Class II heterodimers (protein level)
HLA-DQA1*05:01~HLA-DQB1*02:01%HLA-DPA1*01:03~HLA-DPB1*04:02

One or both heterodimers may be present.

Constrained heterodimer variants
HLA-DPA1*01:04~HLA-DPB1*02:01%HLA-DPA1*01:04~HLA-DPB1*04:02

One or two heterodimers; DPA1*01:04 is always present.

Multiple loci (phenotype list)
HLA-A*01:02+HLA-A*02:01+HLA-B*07:02

A*01:02, A*02:01, and B*07:02 present.

Implementations should reject invalid pairs like DQA1*05:01~DPB1*04:02 based on namespace pairing rules.


4. PLSC construction

Syntax

namespace#version_or_date#plstring

Version: Prefer authoritative release tags (e.g., 3.61.0).
Date: If no release applies, use ISO YYYY-MM-DD. The date reflects when the reagent/result/interpretation was produced—not sample collection/export.

4.1 Examples

  • IPD-IMGT/HLA release bound protein list:
    who#3.61.0#HLA-A*01:01/HLA-A*01:02+HLA-A*24:02
  • Class II heterodimers with antigen mapping:
    who#2025-11-02#DQA1*05:01~DQB1*02:01%DPA1*01:03~DPB1*04:02
  • Ambiguous MAC usage (namespace-governed):
    nmdp#2025-11-02#HLA-DQB1*03:01/297+HLA-DQB1*06:02

5. Validation checklist

  1. Namespace present and recognized.
  2. Version or date present and well-formed.
  3. No mixed namespaces within <pl-string>.
  4. Operators parse with precedence: + > ~ > % > /.
  5. Slash locus constraint holds on every /.
  6. Heterodimer pairs are permitted by the namespace.
  7. Atoms exist in the declared namespace release/date.

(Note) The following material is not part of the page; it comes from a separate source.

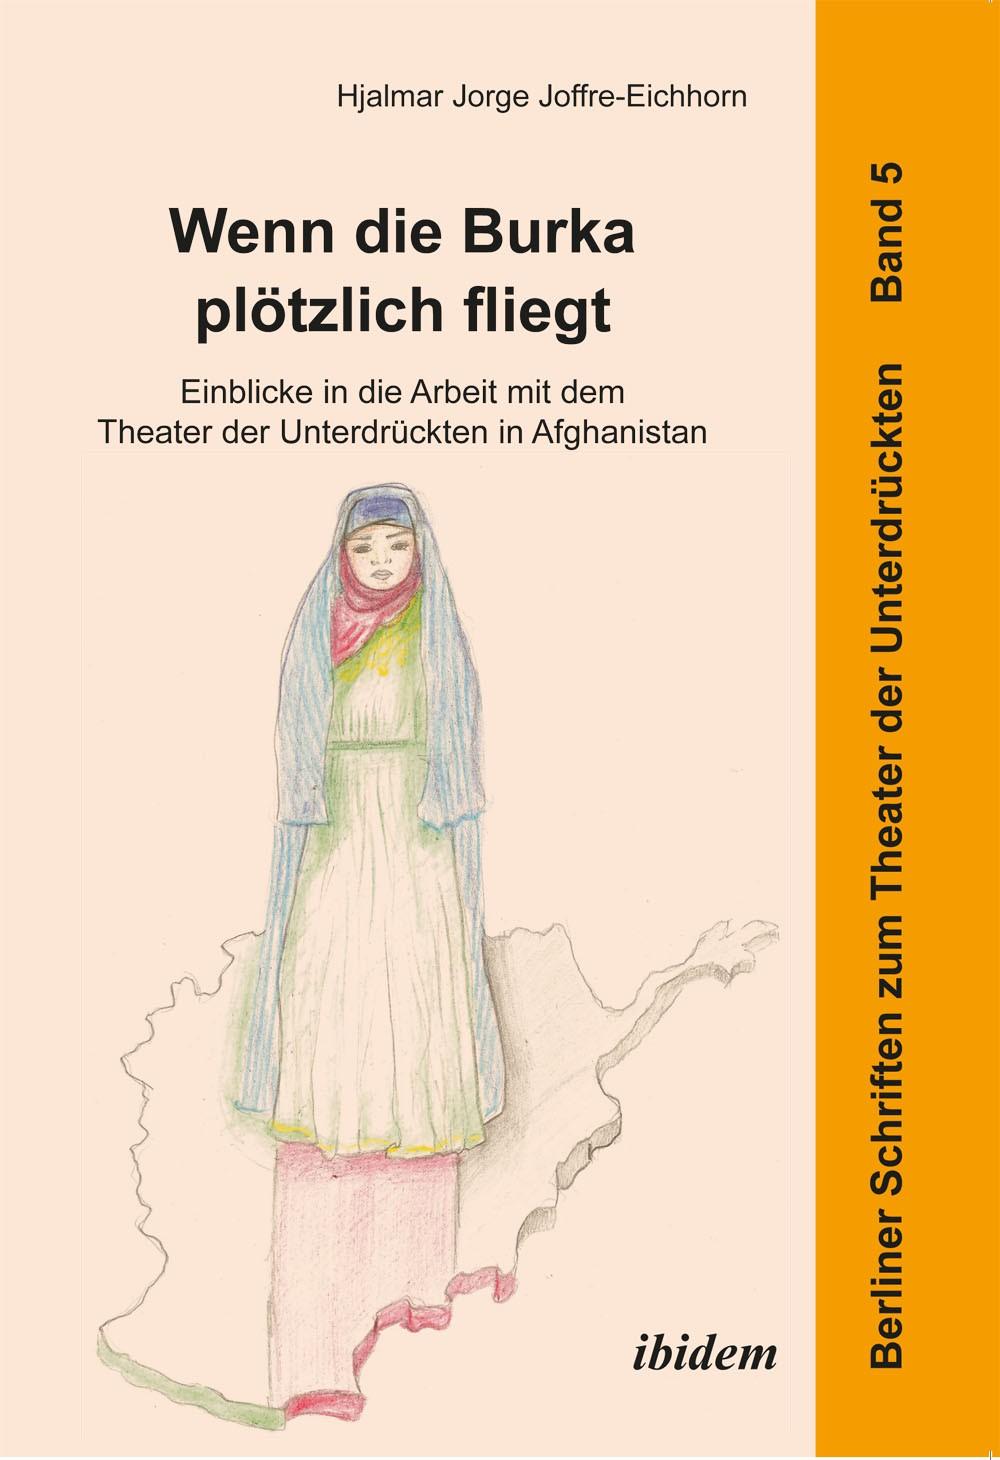 Wenn die Burka plötzlich fliegt - Einblicke in die Arbeit mit dem Theater der Unterdrückten in Afghanistan

6. Embedding in exchange formats

  • FHIR: Use as a Coding with system (e.g., http://plstring.org), version (namespace release or date), and code (the full PLSC string).
  • HAML: Store as the code value for reagent/result/interpretation elements.
  • No mixing of namespaces inside one code value; use separate codings for different namespaces.

FHIR example

<valueCodeableConcept>
  <coding>
    <system value="http://plstring.org"/>
    <version value="1.0"/>
    <code value="who#3.61.0#HLA-DQA1*05:01~HLA-DQB1*02:01+HLA-DPB1*04:01"/>
  </coding>
</valueCodeableConcept>

7. Comparison to GL-String (at a glance)

Concept GL-String (genotype) PL-String (phenotype)
Focus Alleles/genotypes & phase Proteins/antigens & heterodimers
Locus delimiter ^, |, ? (various) Not used
Exclusive OR / (allele ambiguity) / at protein level
Inclusive OR (N/A) % at antigen level
Heterodimer ~ for phase ~ for α~β pairing (class II)
Composition + + (reagent contents; multi-reactivity)
Mix namespaces Allowed per implementer Disallowed within a single PL-String

8. Frequently asked

Can I encode epitopes/eplets?
Not in this version. Once stable, widely adopted nomenclatures are available, the grammar can extend to epitope atoms (e.g., OPTN DPB1 unacceptable epitopes, eplet registries).

What about non-classical loci (E, F, G) or MICA/MICB/ABO?
Permitted if your namespace publishes governed vocabularies; apply the same operators and rules.


This page supersedes earlier drafts and aligns operator semantics (+, ~, %, /), constraints (no mixed namespaces; heterodimer pairing rules), and PLSC binding (namespace + version/date) with the current manuscript. It replaces the older GL-centric placeholder text.